“Wonder Woman,” the super-heroine movie by Warner Brothers Pictures and DC Films, seems unstoppable in the box office right now. The comic-book inspired blockbuster, directed by now-hot topic Patty Jenkins and starring Gal Gadot, has drawn in a goodly amount of female audiences to a genre that is usually the stomping grounds of boys and comic-reading men. Statistical records have been reached, and even people from the other side of the competition, stars from the counterpart films of Disney and Marvel Studios have been enamored with “Wonder Woman”.
But in the wake of big-budget film from a major movie studio is a smaller project, entitled “Professor Marston & the Wonder Women”. It’s no mock-buster, but rather a biopic of Wonder Woman’s creator William Moulton Marston, and the women in his life who inspired the concept of a female superhero. A teaser was also released that trended on YouTube due to its Wonder Woman connection.
A creator with kinks
“Professor Marston & the Wonder Women” is a biographical drama from Annapurna Pictures about Dr.
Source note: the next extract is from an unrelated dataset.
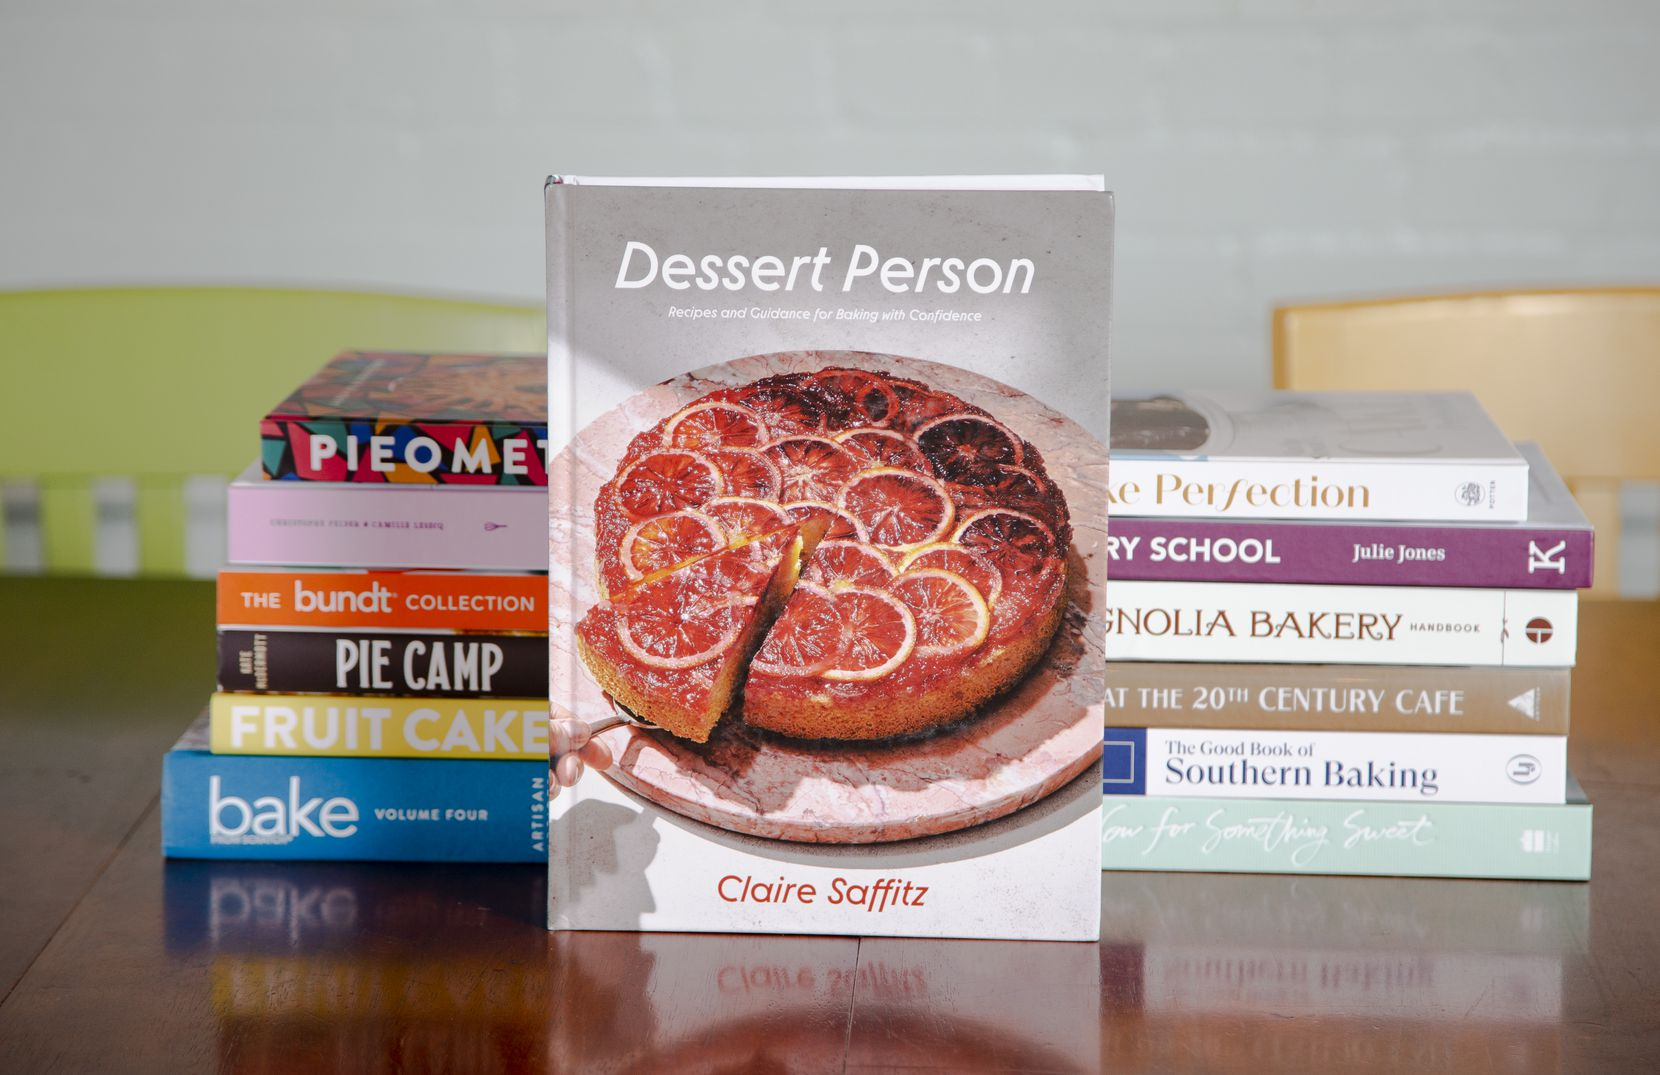 Personne de dessert

William Moulton Marston, a psychologist whose research contributed to the invention of the lie detector. The function of this device would later be revisited by Marston on his other major life’s work in comic books.
As an educational consultant for the publishing firms that would later merge into DC Comics, Marston would pitch the idea of a superhero that would fight evil with love, a concept that evolved into Wonder Woman which he developed under the pen name of Charles Moulton.
The character of Wonder Woman was patterned by Marston after two persons, the so-called Wonder Women of the biopic.
The superhuman Amazon took personality cues from Marston’s wife Elizabeth and his secretary Olive Byrne, who also partly inspired Wonder Woman’s physical appearance. The drama film delves into the private life of Marston and his wife, who were in a secret poly-amorous relationship with Byrne that also had elements of bondage.
‘Gaston’ as a ‘feminist’
Annapurna Pictures has cast for “Professor Marston & the Wonder Women” the likes of Luke Evans (“Beauty and the Beast”) as William Moulton Marston, Rebecca Hall (“Iron Man 3”) as Elizabeth Marston, Bella Heathcote (Amazon’s “The Man in the High Castle”) as Olive Byrne, and Oliver Platte as comic book publisher MC Gaines who put Wonder Woman on “Sensation Comics” in 1941. Interestingly Evans, whose last big role was a chauvinist, will now play a feminist advocate in Wonder Woman’s creator.
The film, directed by Angela Robinson will trace the lives of Marston and his lovers through the early days of Wonder Woman as a feminist figure in comics, while keeping their unconventional romantic relationship a secret. Annapurna Pictures has yet to give the movie a release date.